Immediately, I hate the centered format. It throws off my natural sense of rhythm. Personally, I'm never a fan of using all-caps for emphasis, either -- italics is preferred, bold might be acceptable -- but the unexplained "COLORed" in there confused me more than normal.
Mysty, I know I've mentioned this multiple times before, and I really would like to see you take care of it: 'Autoformat as You Type' will mess up your dialogue punctuation/capitalization, and since you know it'll happen, you should go back through and fix it, or fix it as you go along. Example: "C'mon!" She said… would be "C'mon!" she said… I'm not suggesting to turn off Autoformat, but just remember to fix dialogue before you post a final version.

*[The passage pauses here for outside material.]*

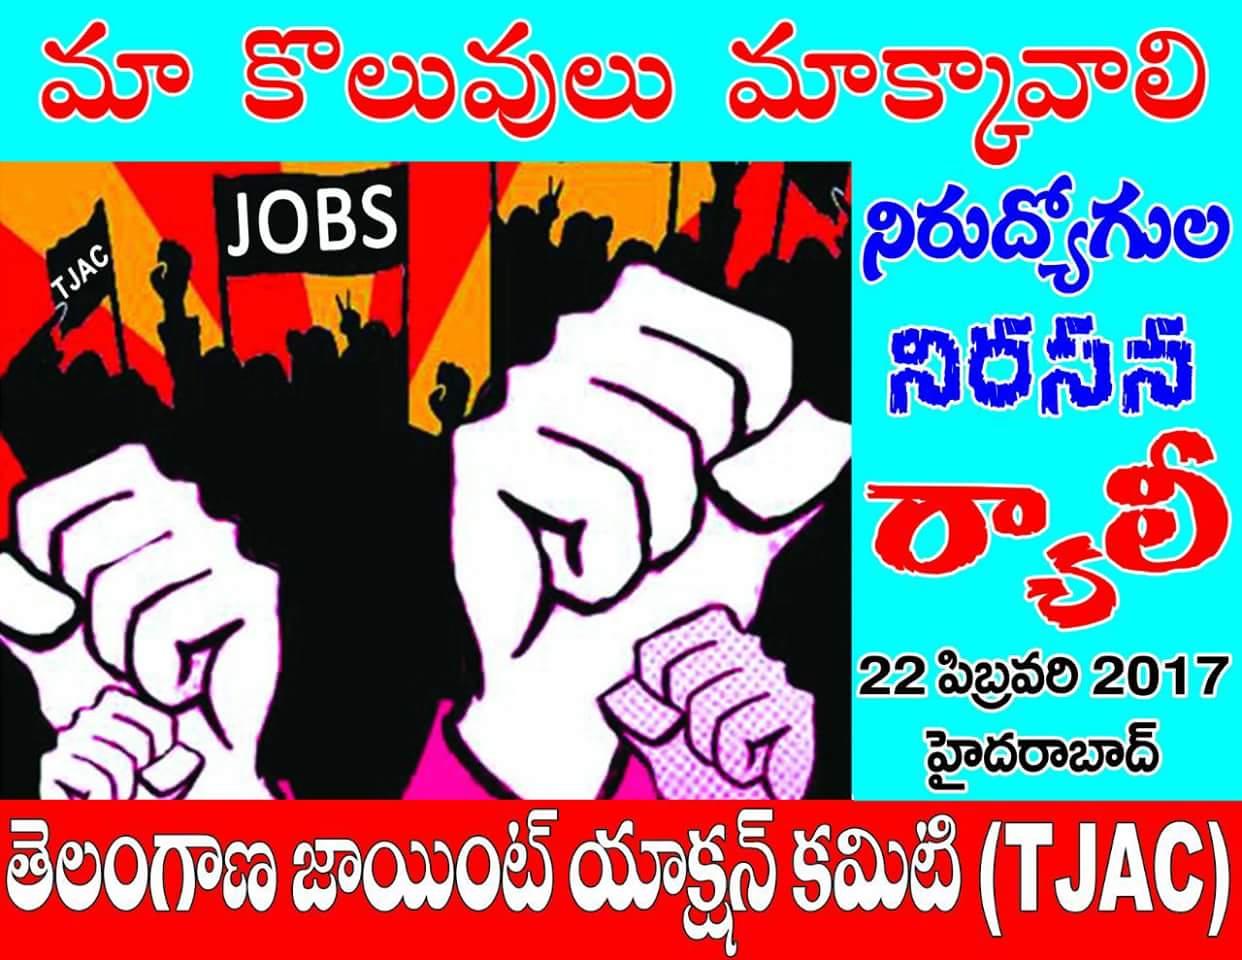 where have the Telangana jobs gone

Aelflead is incredibly pitiful throughout this entire collab, and yet even at such a low point, she doesn't reveal much at all about her past. One of my favorite aspects is seeing Ignis and Deni being human, with their own frustrations and flaws, rather than saints willing to put up with anything. As was stated multiple times in the collab itself, they're all three flawed characters, flawed people, and they're written that way. It makes you want to read more and find out more, it makes you want to root for them to overcome their problems… or root for the world to hammer some reality into them.
You all handled the pacing well, breaking the tension where it needed, letting it build during the standoffs. However, I do feel like this carried on longer than it needed to, especially since there's no satisfying payoff in the end. Aelflead reveals a tiny bit (a rather significant, but poorly explained bit) and then everyone leaves frustrated. The outcome isn't bad, sometimes it takes time to break down walls. However, as a reader, I felt like it was building up to something more that just never came. If it had been shorter, that impression wouldn't have been as strong… or if Aelflead had given up something more significant, it would have felt justified.
Keep this twisted little friendship dynamic going.